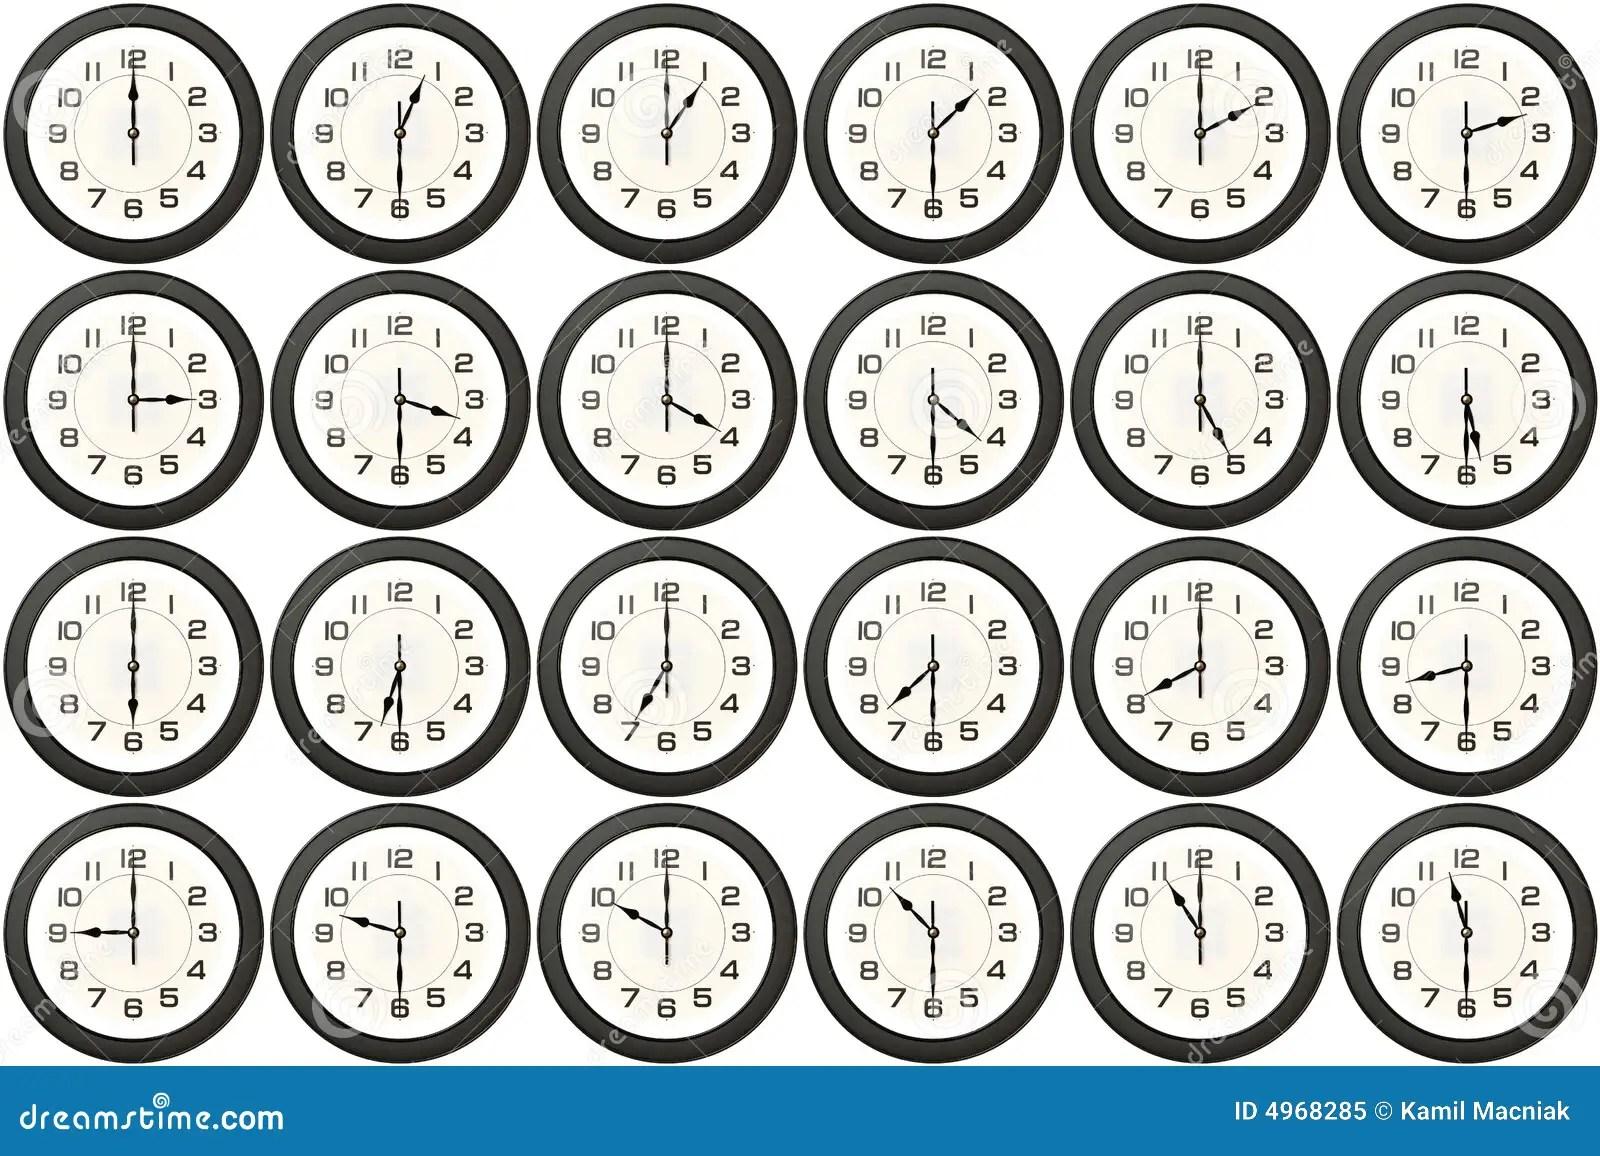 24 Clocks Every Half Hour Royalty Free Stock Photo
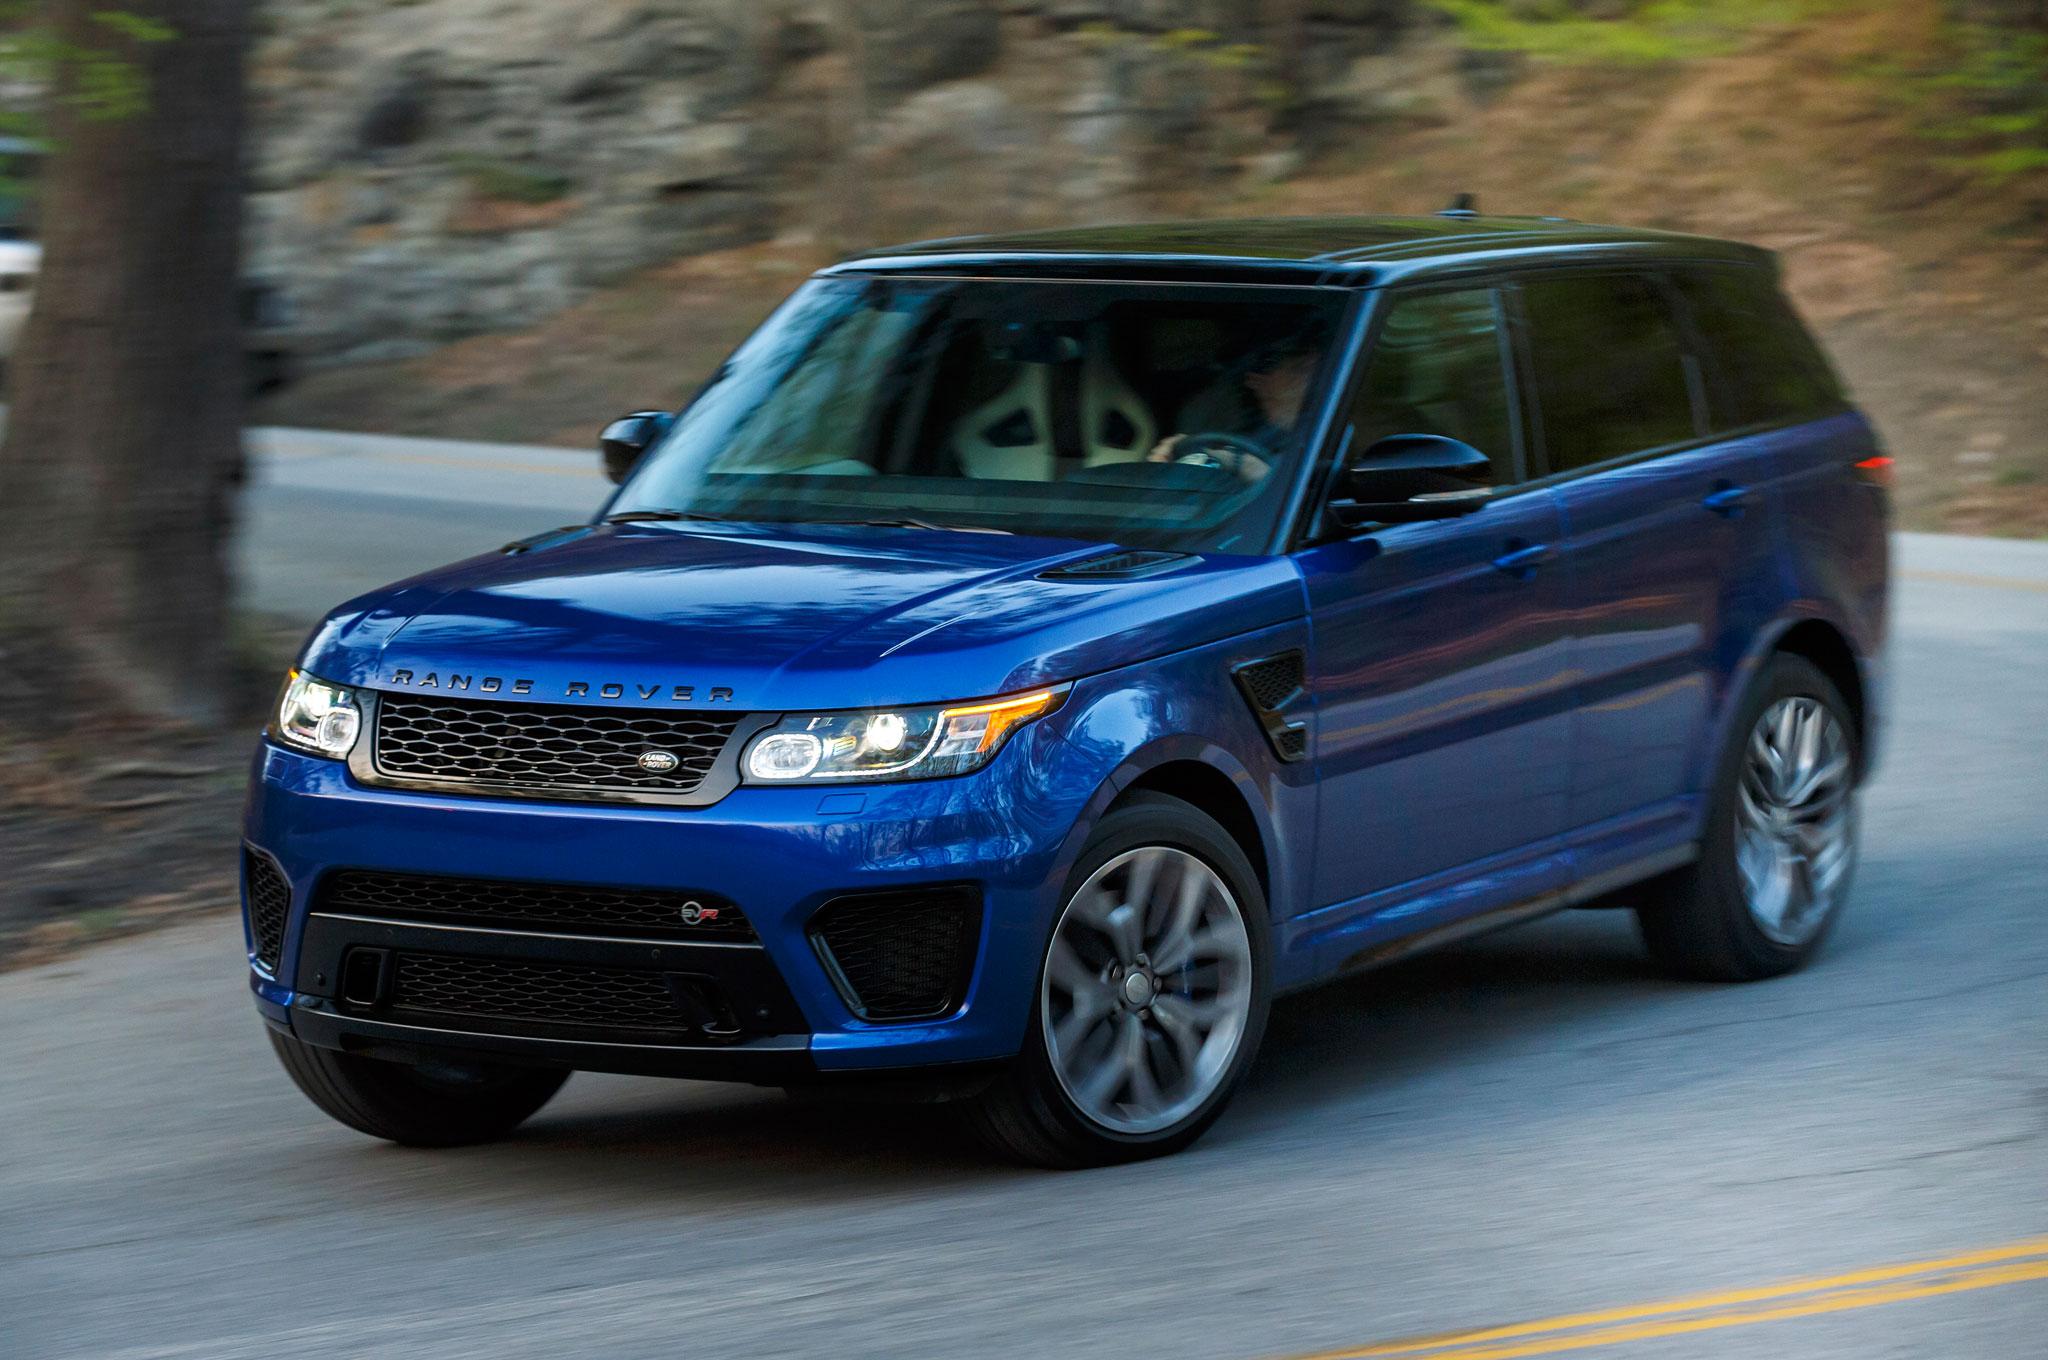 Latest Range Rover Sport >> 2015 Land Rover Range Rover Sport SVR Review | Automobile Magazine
---
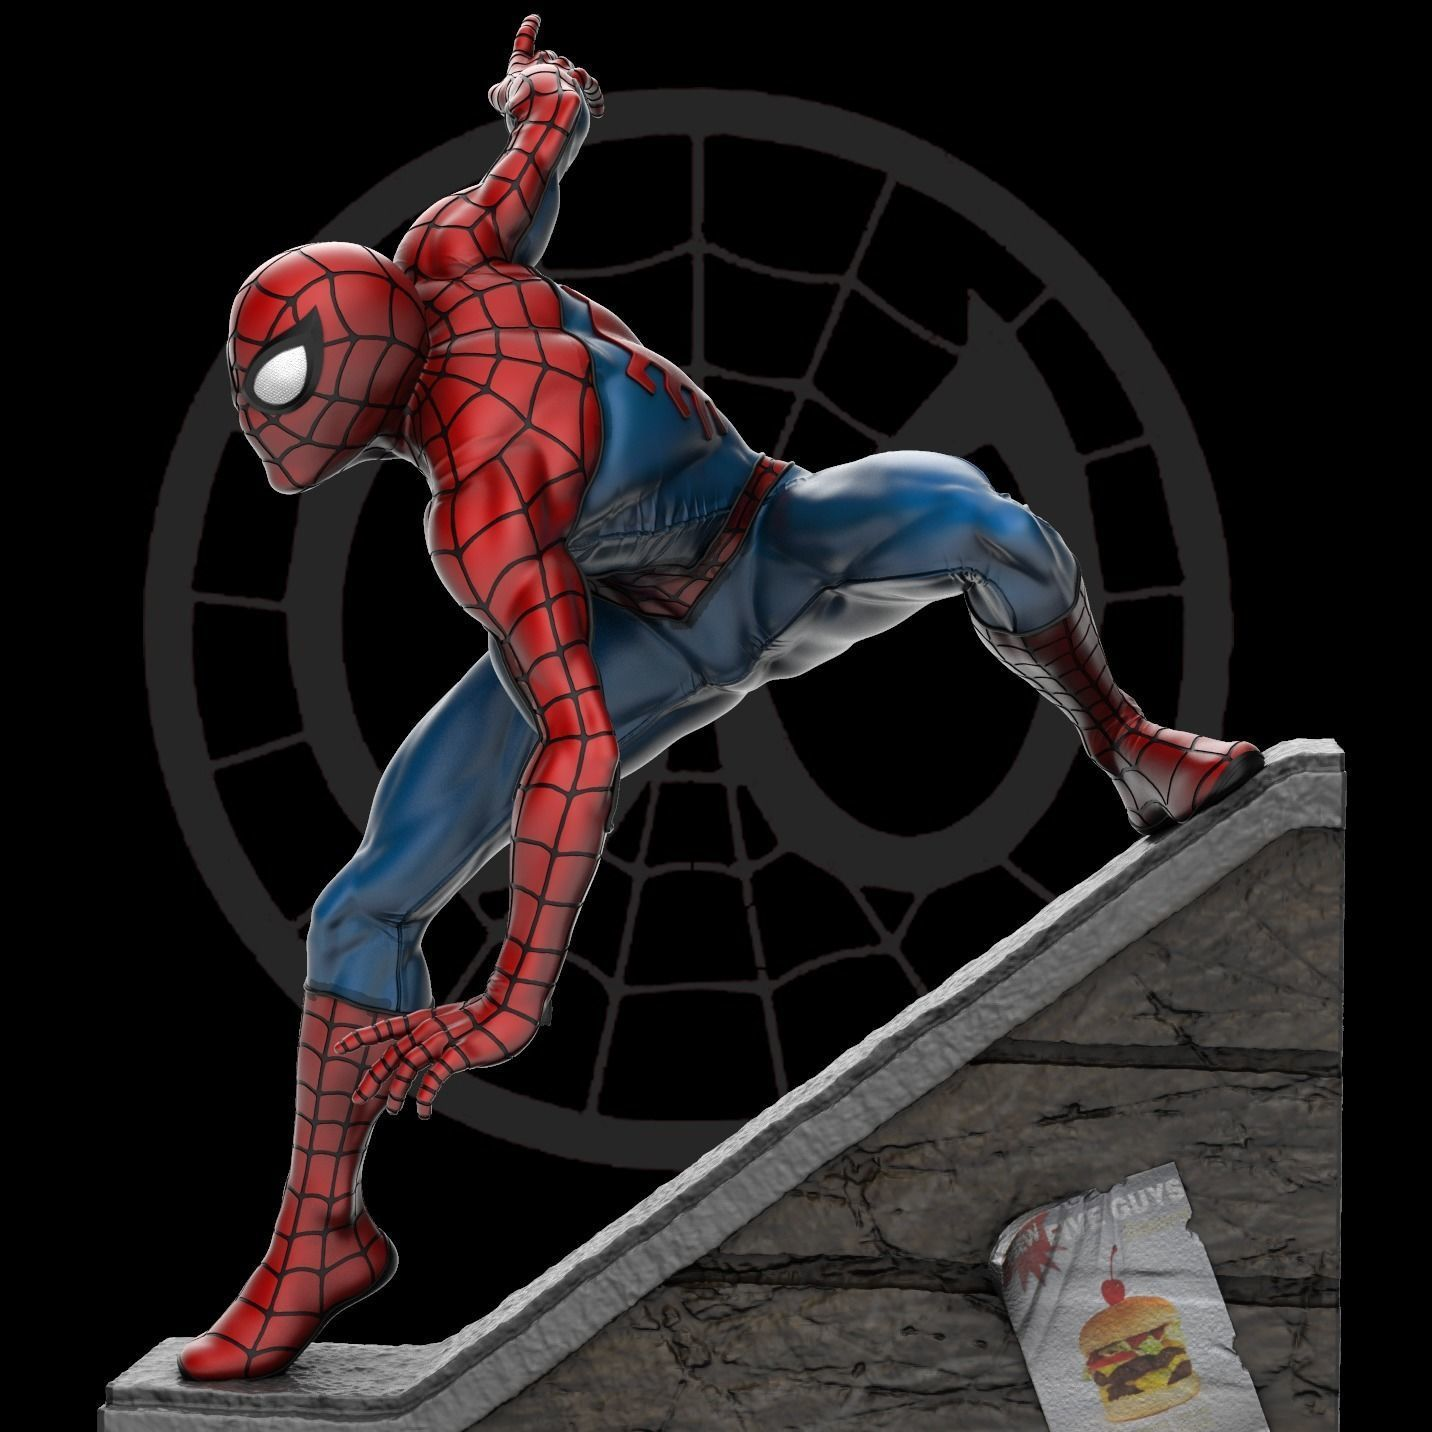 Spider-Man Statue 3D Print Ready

● Exercise objective: Print nothing but the lines above starting with the line that contains "24 Clocks Every" and going on through the line that contains "Latest Range Rover". Leave out the pictures.

● Result of the task:
 24 Clocks Every Half Hour Royalty Free Stock Photo
 Latest Range Rover Sport >> 2015 Land Rover Range Rover Sport SVR Review | Automobile Magazine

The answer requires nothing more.